THE TASK ->
Retype the records below exactly as they stand, omitting the pictures.
*** SOURCE RECORDS Section Begins ***
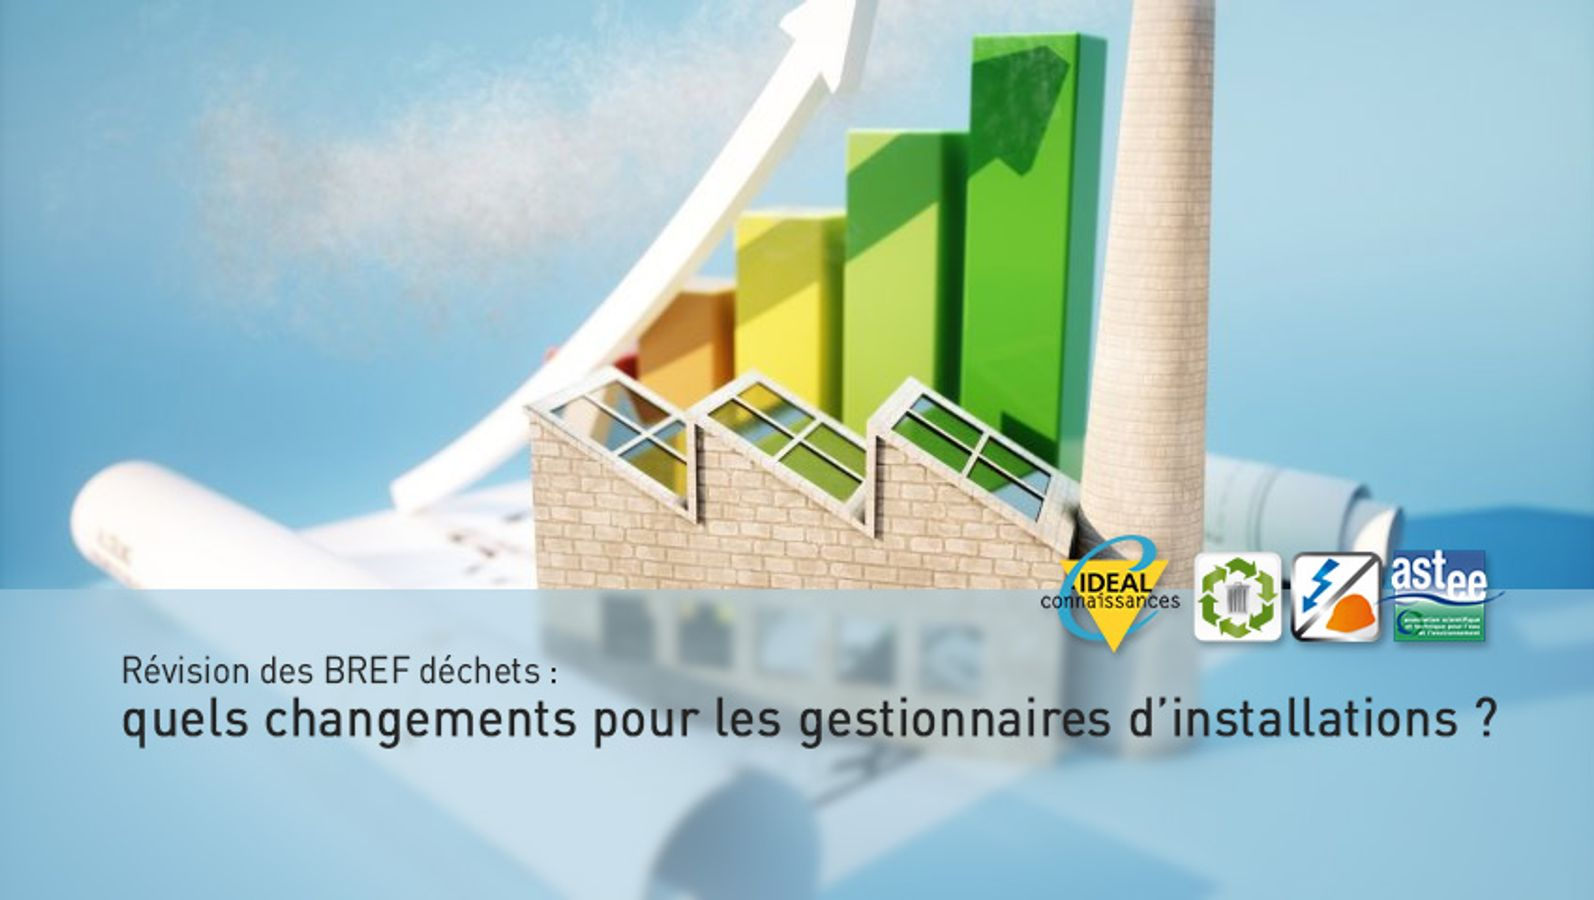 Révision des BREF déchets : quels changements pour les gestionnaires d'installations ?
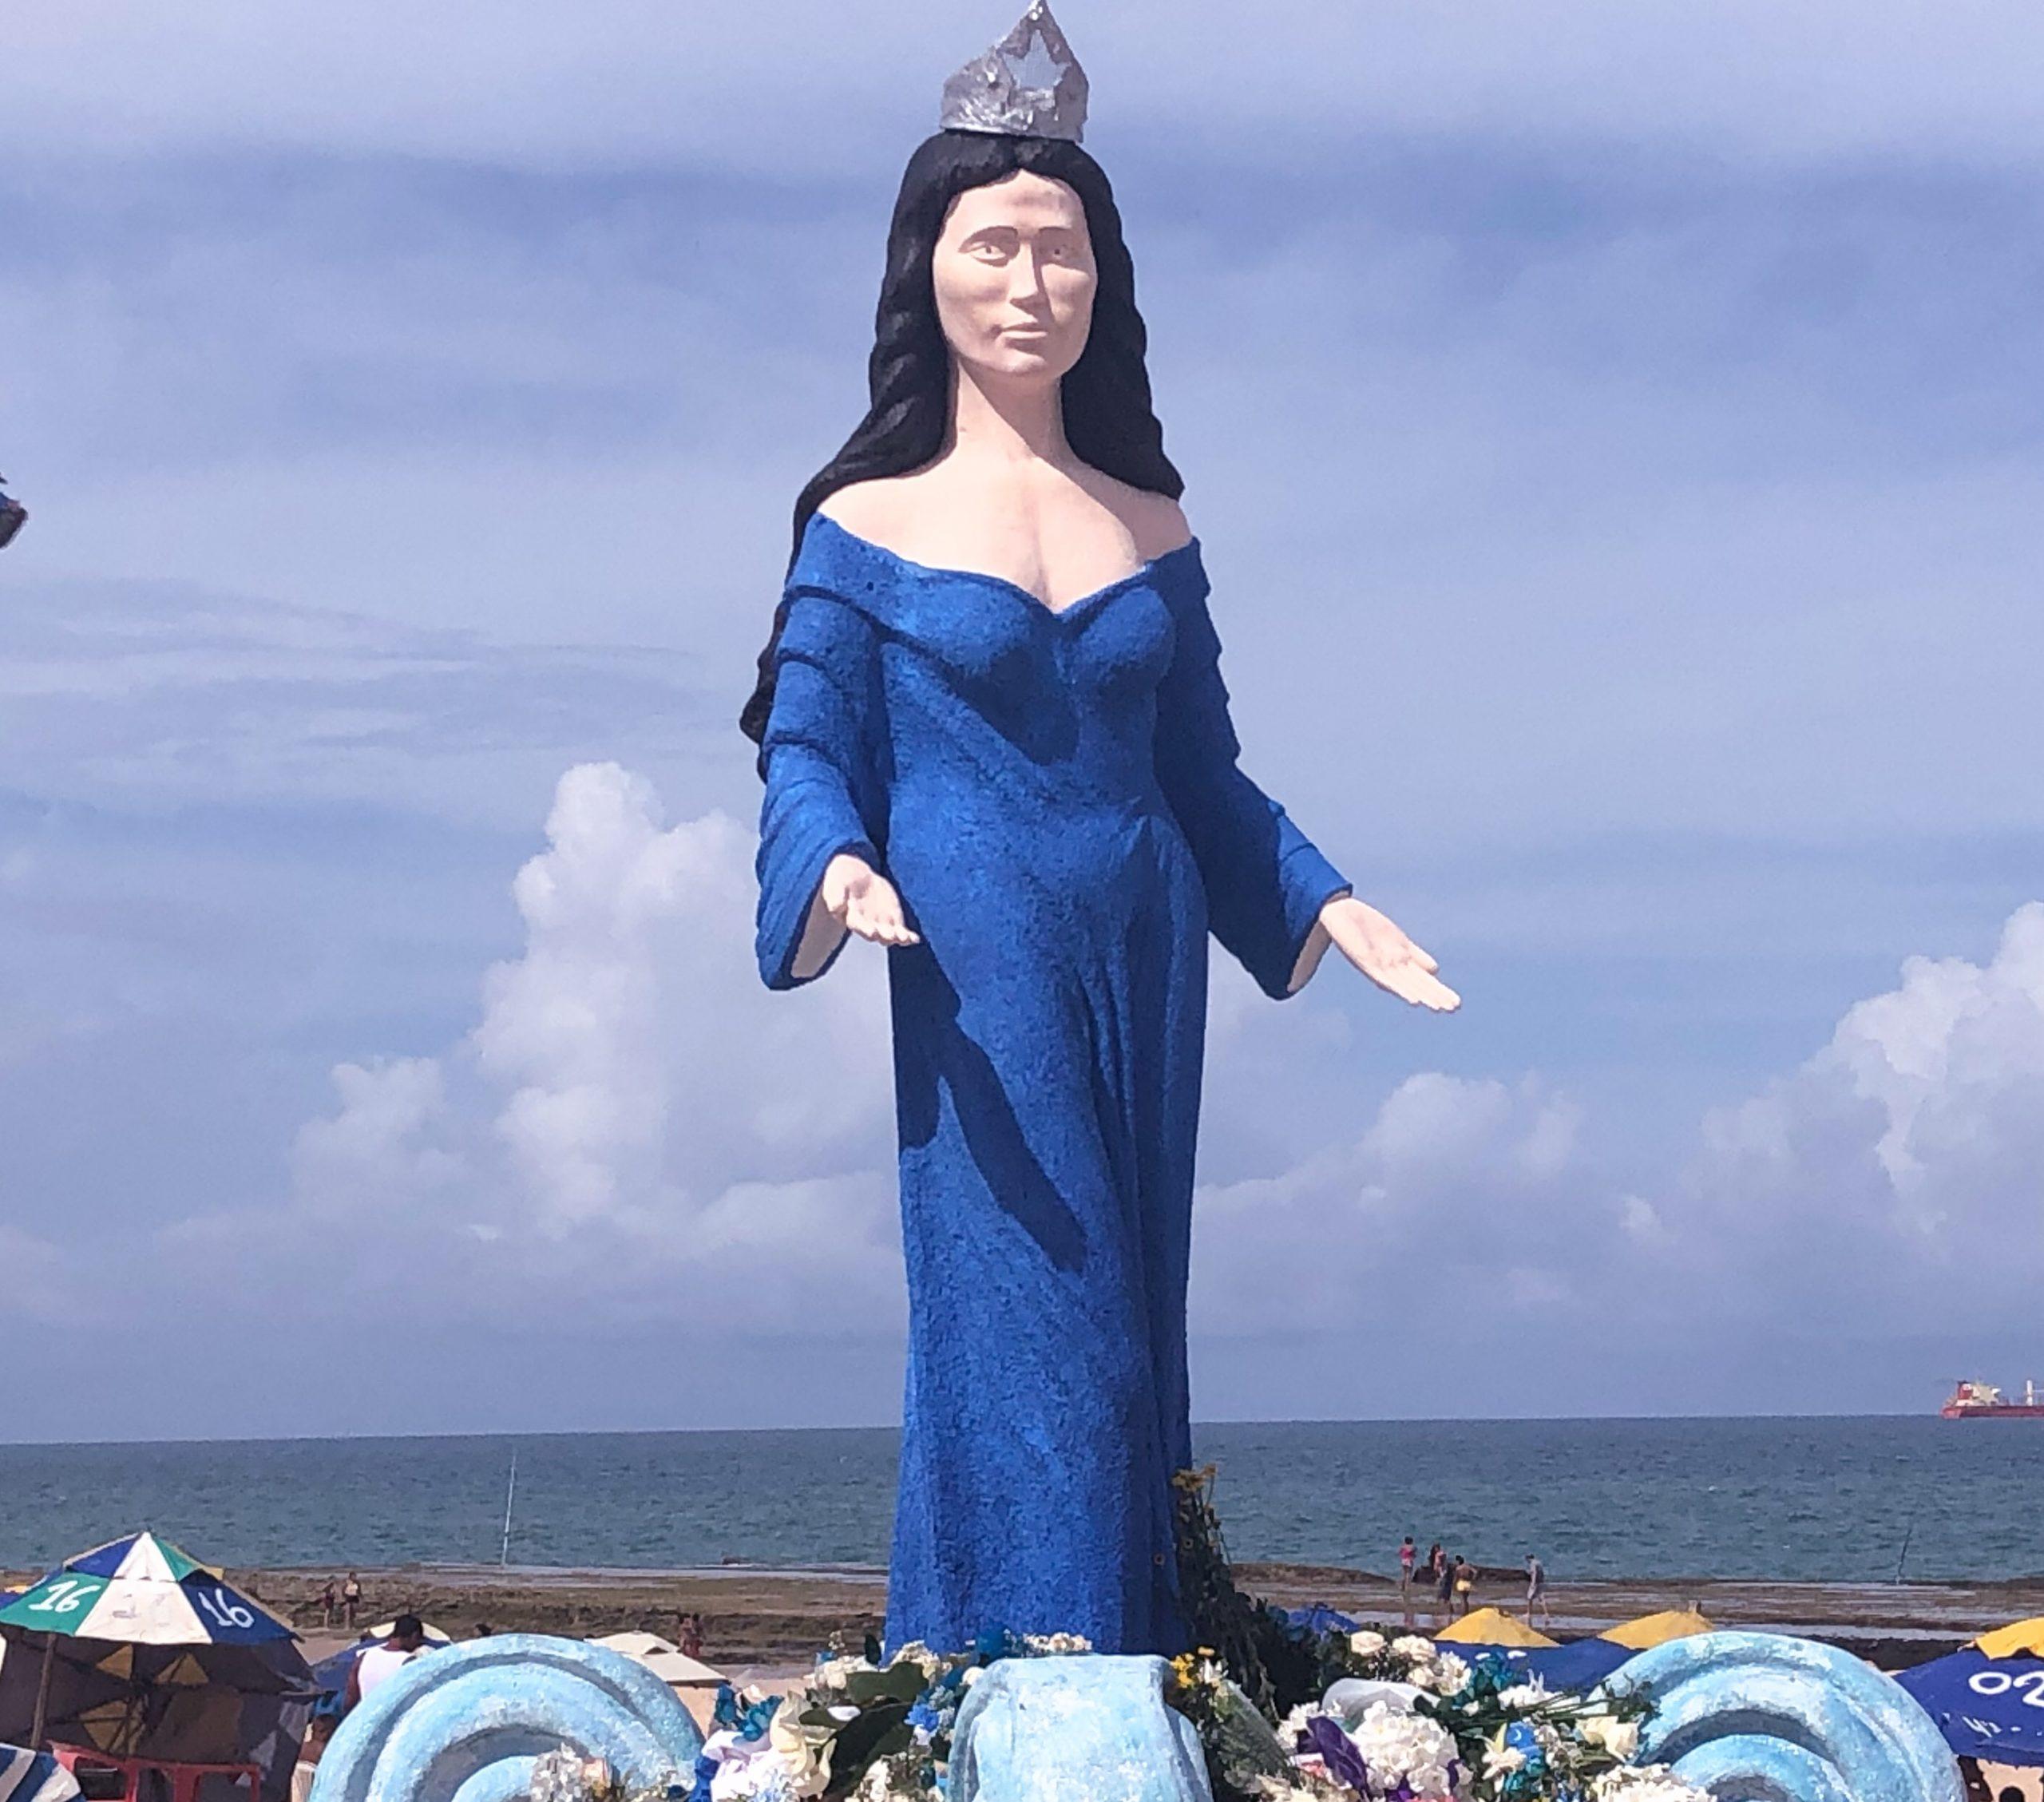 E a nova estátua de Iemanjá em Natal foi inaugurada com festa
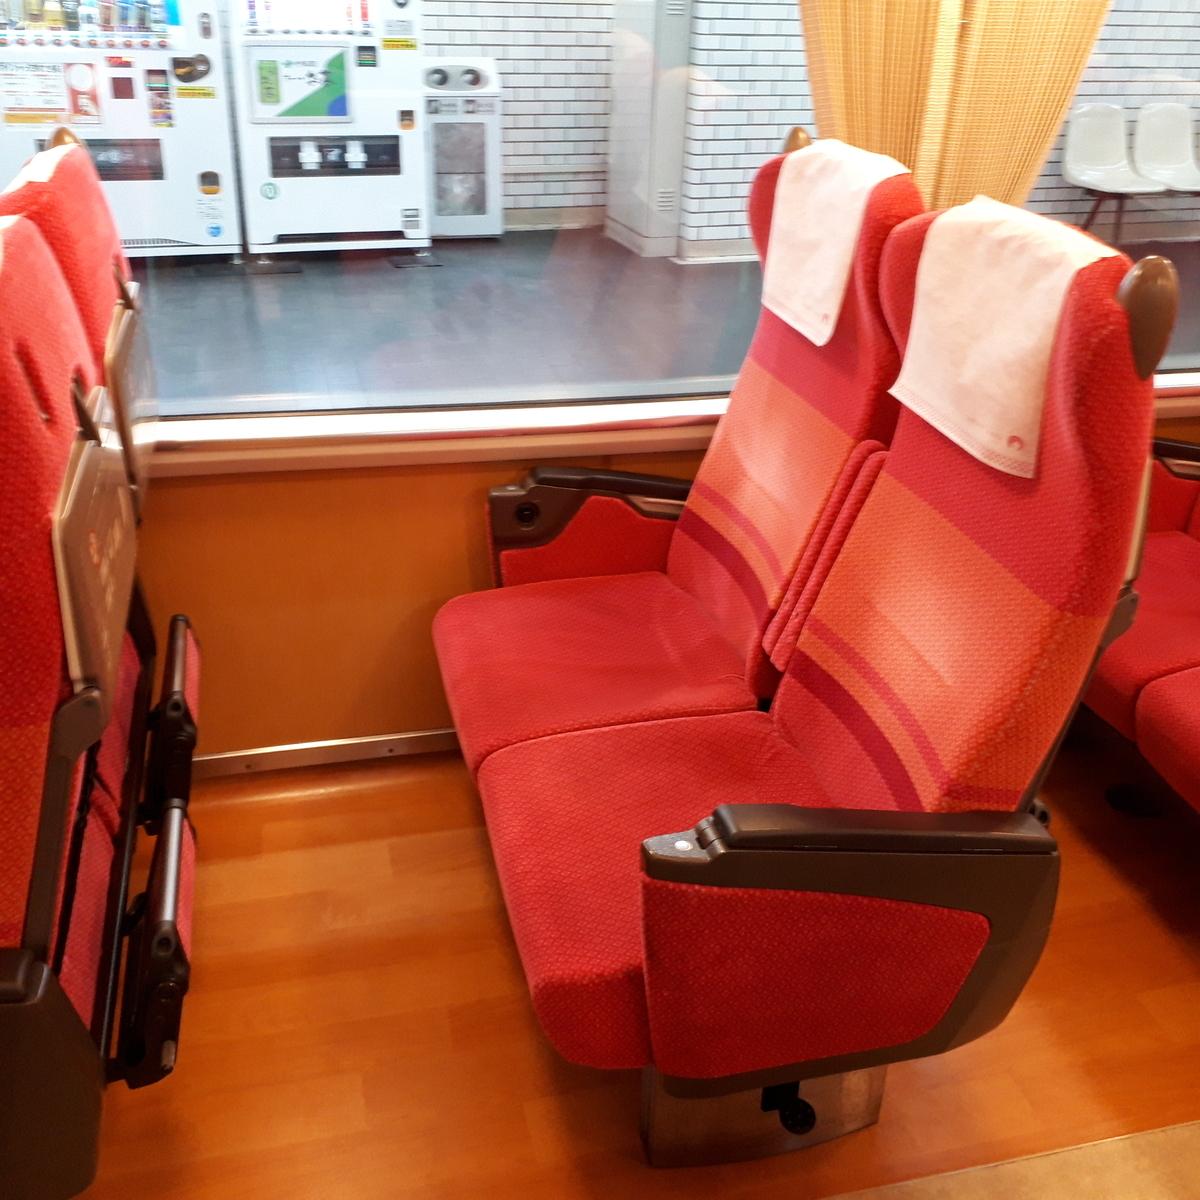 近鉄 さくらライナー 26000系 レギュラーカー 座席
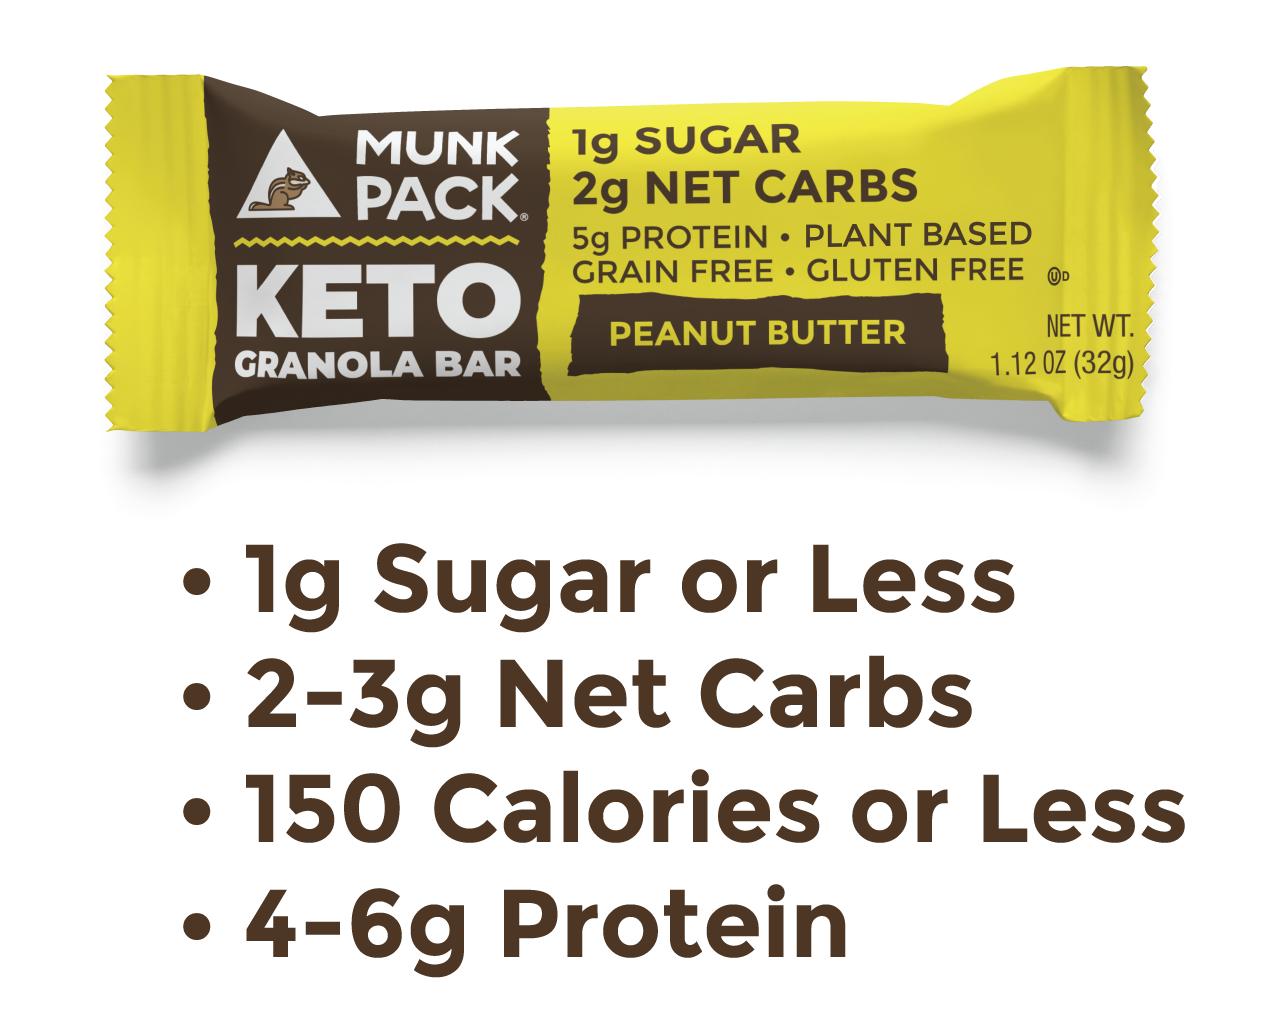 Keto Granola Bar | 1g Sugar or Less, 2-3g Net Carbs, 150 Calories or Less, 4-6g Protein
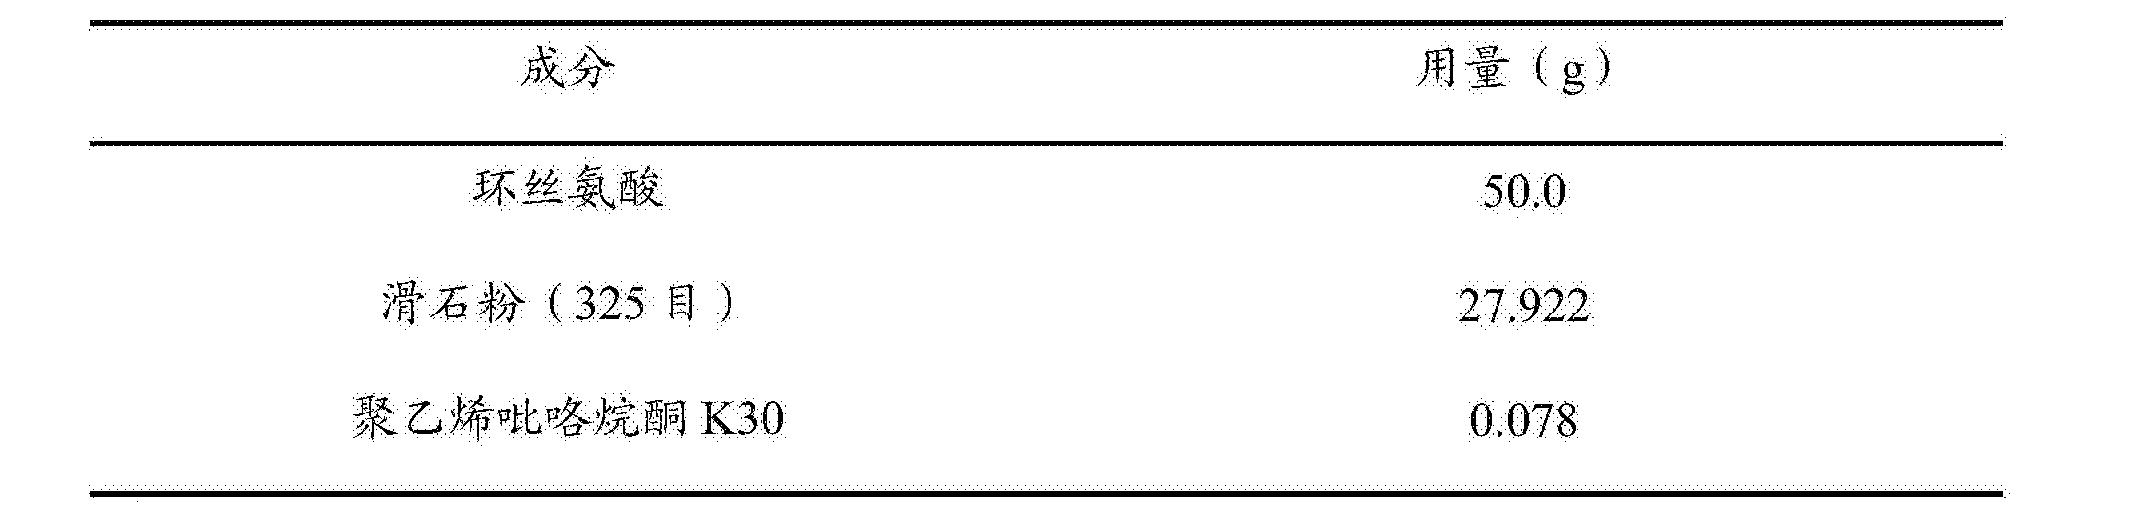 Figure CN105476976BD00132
*** SOURCE RECORDS Section Ends ***
WRITTEN ANSWER ->
 Révision des BREF déchets : quels changements pour les gestionnaires d'installations ?
 E a nova estátua de Iemanjá em Natal foi inaugurada com festa
 近鉄 さくらライナー 26000系 レギュラーカー 座席
 Keto Granola Bar | 1g Sugar or Less, 2-3g Net Carbs, 150 Calories or Less, 4-6g Protein
 Figure CN105476976BD00132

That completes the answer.